Hey everyone, I sort of need you guys help with a recently formatted Dell Inspiron 6000 windows xp pro laptop. My friend recently had an issue with a trojan/spyware, and after trying to clear the system to no avail, we decided to format the entire thing and reinstall windows pro again. Well, it turns out he doesn't have any driver discs with his laptop purchase, and he's lost his internet router setup disc as well. Setting up a network/internet connection isn't really my forte, so I'm going need some expertise on here with that.
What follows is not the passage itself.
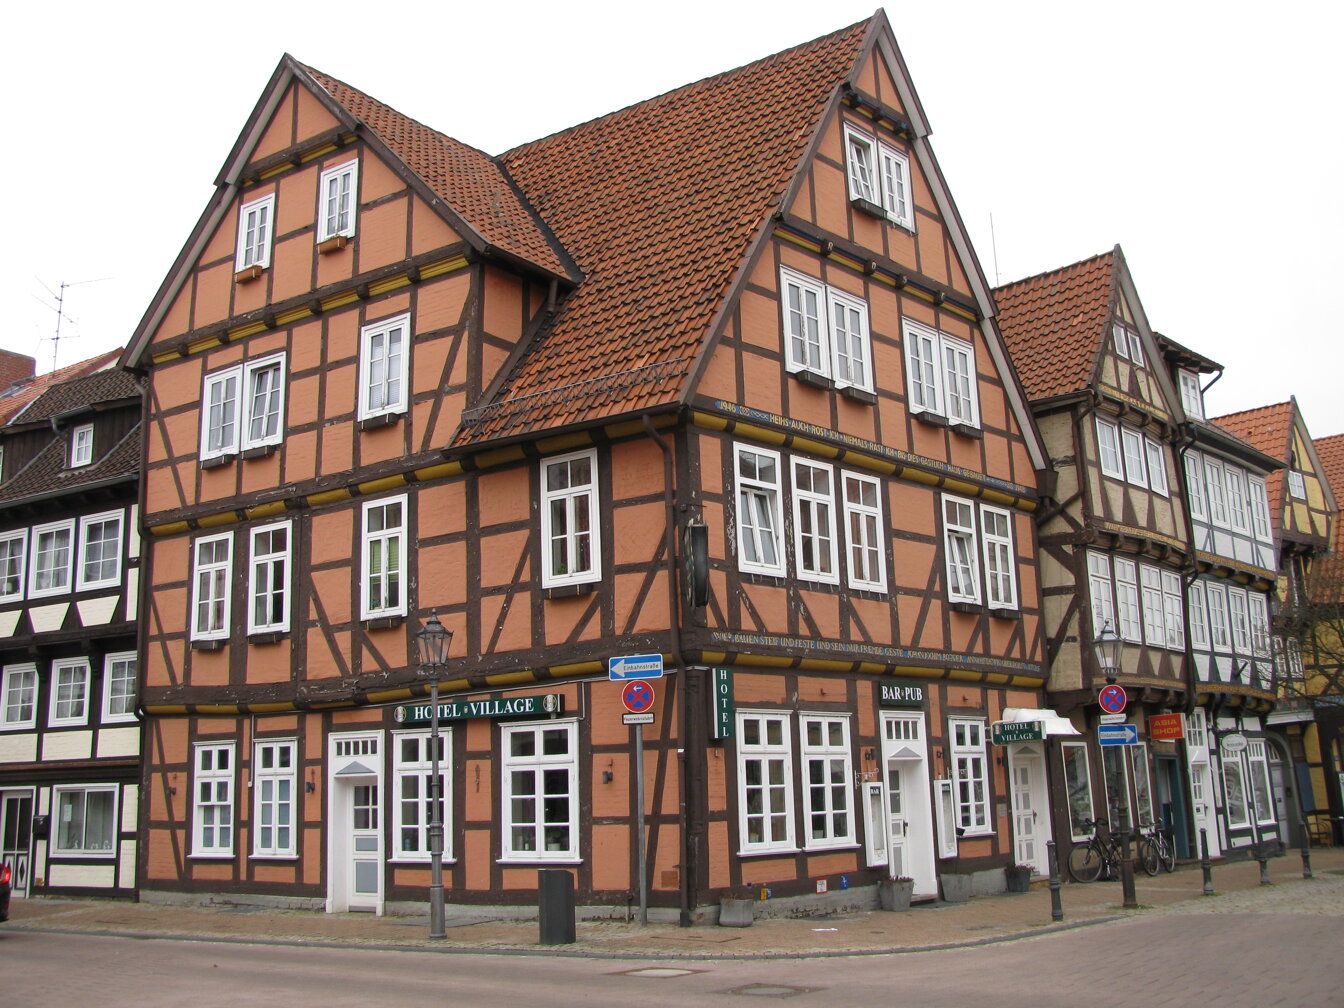 Bild der Stadt Celle

Going through unknown devices, here was the list of missing drivers:

Multimedia Audio Controller
PCI\VEN_8086&DEV_266E&SUBSYS_01881028&REV_03\3&61AAA01&0&F2

Network Controller
PCI\VEN_8086&DEV_4220&SUBSYS_27218086&REV_05\4&2FA23535&0&18F0

PCI Modem
PCI\VEN_8086&DEV_266D&SUBSYS_542314F1&REV_03\3&61AAA01&0&F3

Video Controller
PCI\VEN_8086&DEV_2792&SUBSYS_01881028&REV_03\3&61AAA01&0&11

Video Controller (VGA Compatible)
PCI\VEN_8086&DEV_2592&SUBSYS_01881028&REV_03\3&61AAA01&0&10


So, can anyone tell me what drivers I need for the Dell Inspiron 6000 wireless card, and how exactly i can set up internet connection again? He's using roadrunner, and has Netgear for his wireless router setup. Also to note, he has a 1394 Net Adapter (not sure if that's relevant or not :4-dontkno). Much appreciated to any help. Will be around, thanks.


----------



## dai

*Re: Dell Inspiron 6000 Drivers help*

look in here

http://www.techsupportforum.com/f10...v6700-dvx7xx-dv9800-series-laptop-257133.html


----------



## BCCOMP

*Re: Dell Inspiron 6000 Drivers help*

Hi
Dell has a link for your drivers:
http://support.dell.com/support/dow...emID=INS_PNT_6000&os=WW1&osl=en&catid=&impid=

Please install the Chipset driver first.
Chipset:
http://support.dell.com/support/dow...1&impid=-1&formatcnt=1&libid=27&fileid=149851

The exact drivers you need (By your Post)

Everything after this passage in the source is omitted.